We also have her put her tooth in a baggie and tape it to her door. Then when she wakes up in the morning magically the tooth is gone and some reward/prize/money is in its place with a note from her fairy. :fairy:

I saw a friend always use confetti tooth shaped to sprinkle on bed & floor when she visits. I think she got it on prime. Just for your own sake, a FYI don’t use glitter it’s horrendous to get rid of later, especially carpet lol I’m sure with a lil girl u have lots of it already but I’m a crafter and it’s literally everywhere lol

I always just told my kid that the kids that don’t believe are naughty so they don’t get all the special visits. The tooth fairy and Santa, and as long as he’s good he will still get them. Always worked for him.
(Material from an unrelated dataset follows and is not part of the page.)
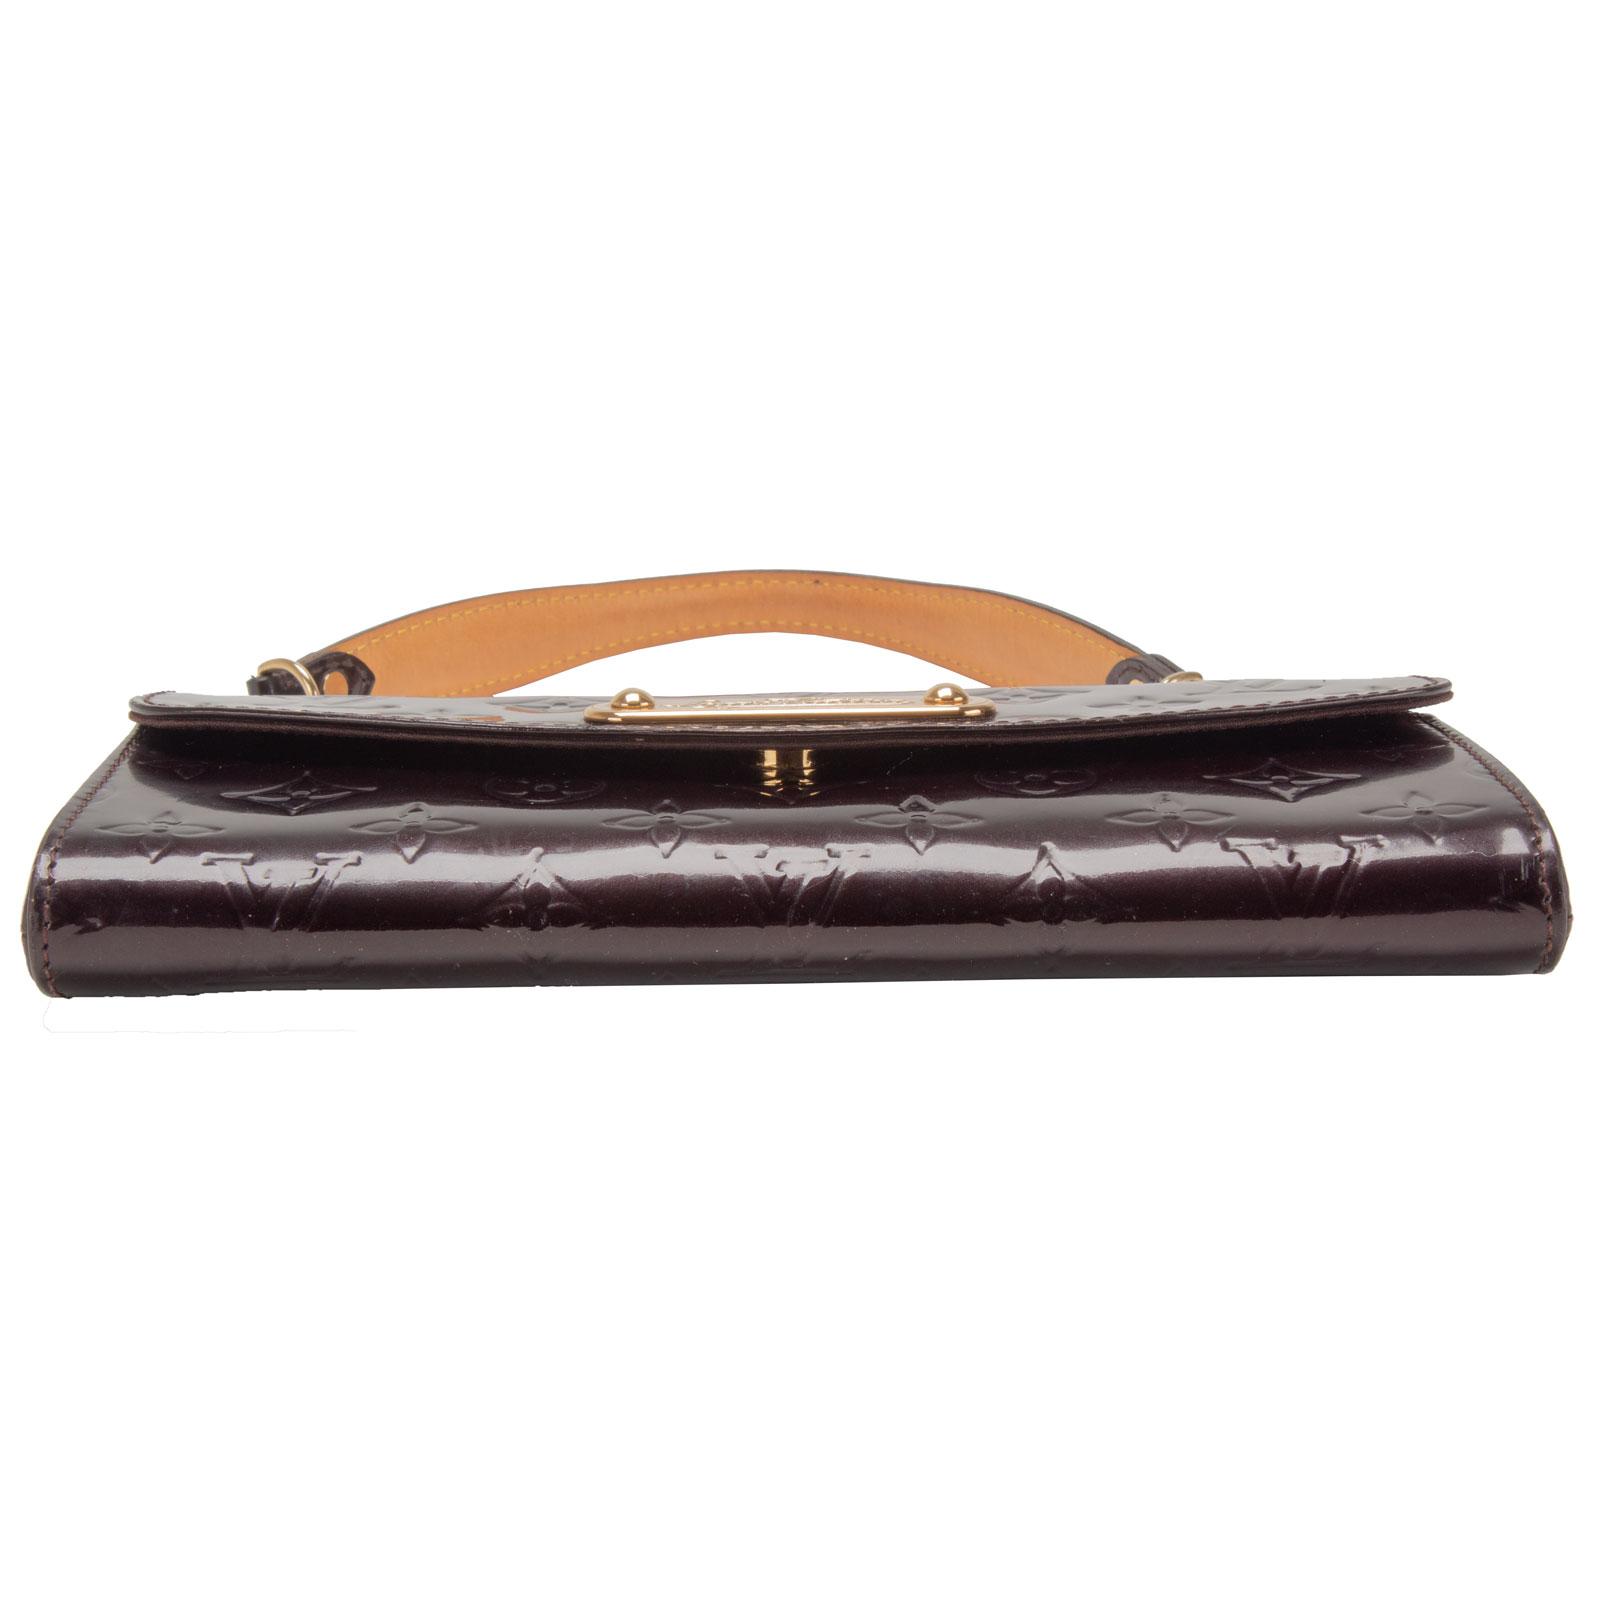 12988dad5c Clutch Louis Vuitton Sunset Boulevard | Box de Grife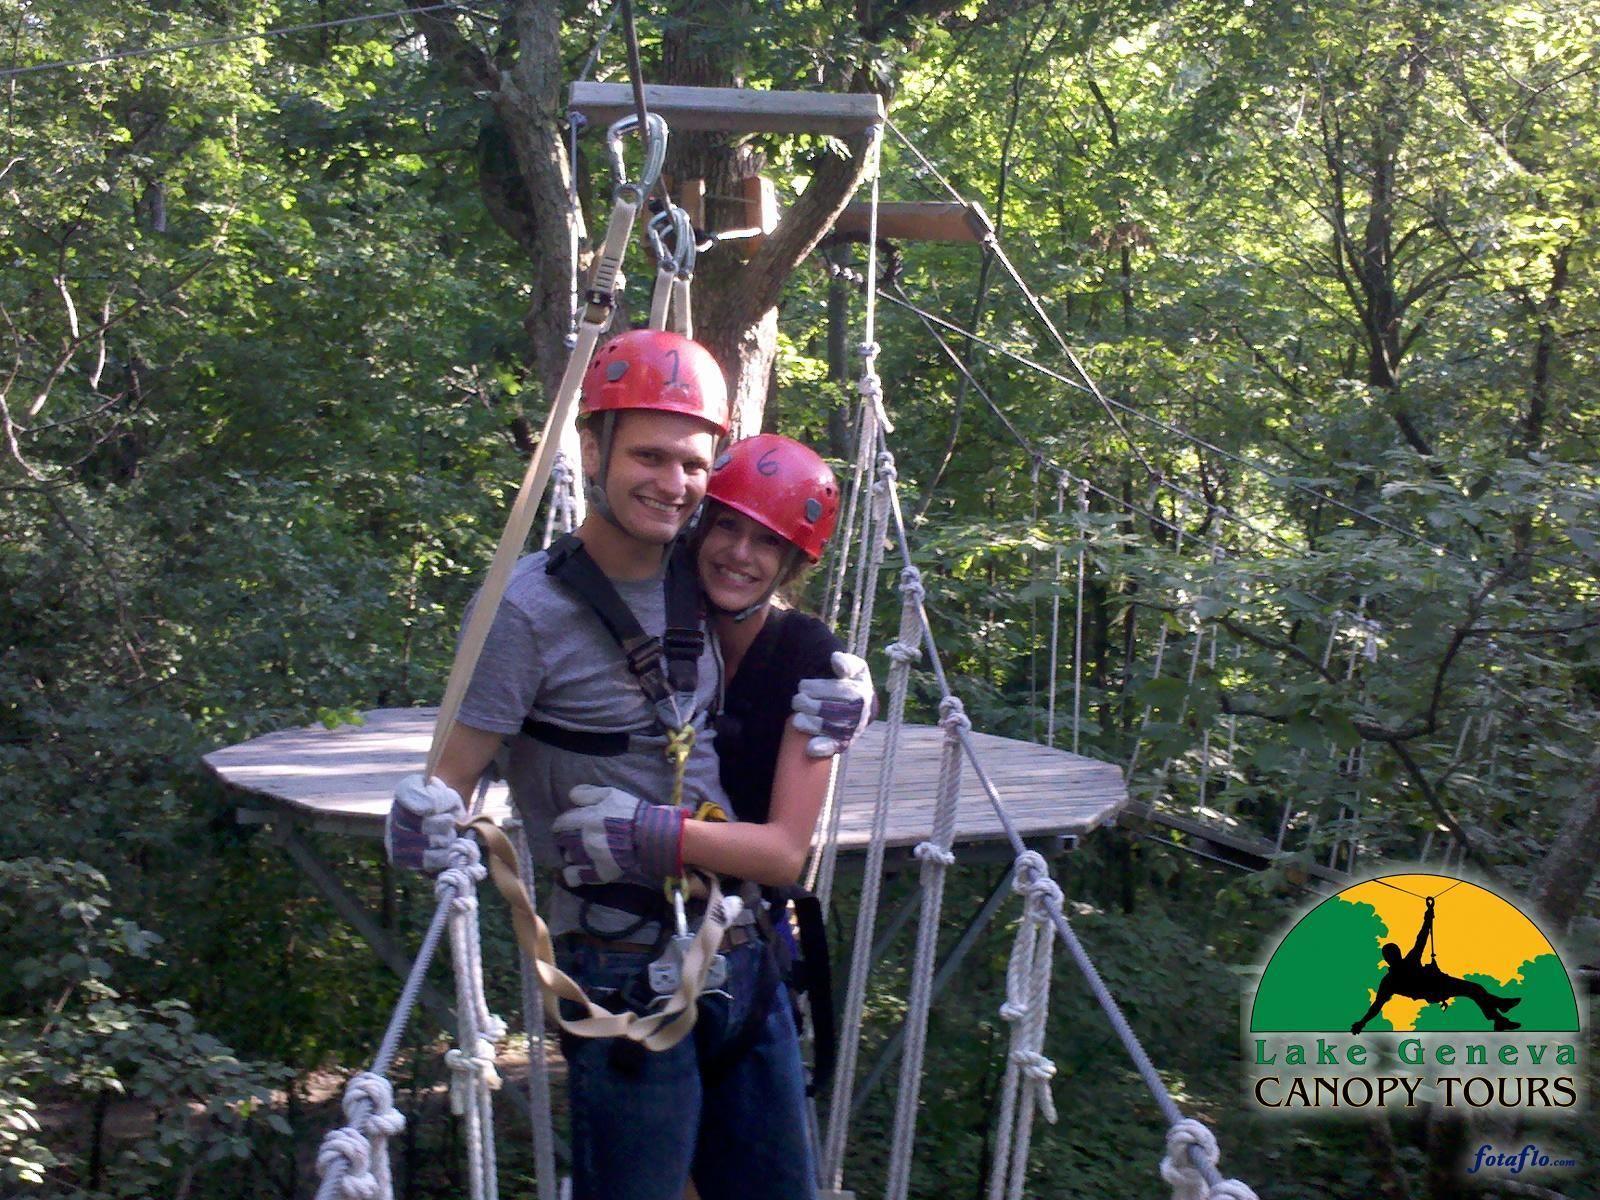 Zip Lining With Lake Geneva Canopy Tours This Little Becker Family In 2020 Ziplining Lake Geneva Lake Geneva Wisconsin

Tell her that the tooth fairy is real ,tell her to put the tooth under her pillow and while she is asleep put some money under it and in the morning ask her to see if the tooth fairy came,then she should be surprised and get all happy it came but yougo and check with her and act all surprised too

Leave the tooth out for her anyway and say “well, let’s just see…” or say maybe the tooth fairy didn’t come for that kid because her tooth wasn’t clean :laughing:

I always go with “the magic”. If you believe in the magic, then the tooth fairy and Santa and Easter bunny are all still real. That’s why some kids and adults don’t believe in them- they lose their belief in the magic.

I told my son the tooth fairy only comes if he believes she will! So he told he still believed and he put his tooth under his pillow…

i’m gonna be the odd one out here. when my parents told me santa wasn’t real i felt like i couldn’t trust them because they lied to me for so long. it made me feel like an idiot for believing them. gaslighting me all those years.

i would tell her the truth and you both pretend together.

We had something similiar happen with Santa Clause… We watched Rise of the Guardians shortly after. He now gets himself into twisty logic by saying “I’m not sure if Santa is real, but I believe in Santa Clause, so he must be real, right mom?”

Tell her that only those who “believe” in the the tooth fairy and Santa are the ones that they to. If you don’t believe, you don’t receive

One year I had worked till late at night and got the news on the way home. I stopped at a convenience store to get cash but saw a very cute fairy keychain. When I got home I found a note under my daughter bed pillow. “Dear Tooth Fairy, My friends are saying you are not real, if you are then show me what you look like.” Perfect I thought and put the keychain under the pillow.” We got another few teeth outta that night.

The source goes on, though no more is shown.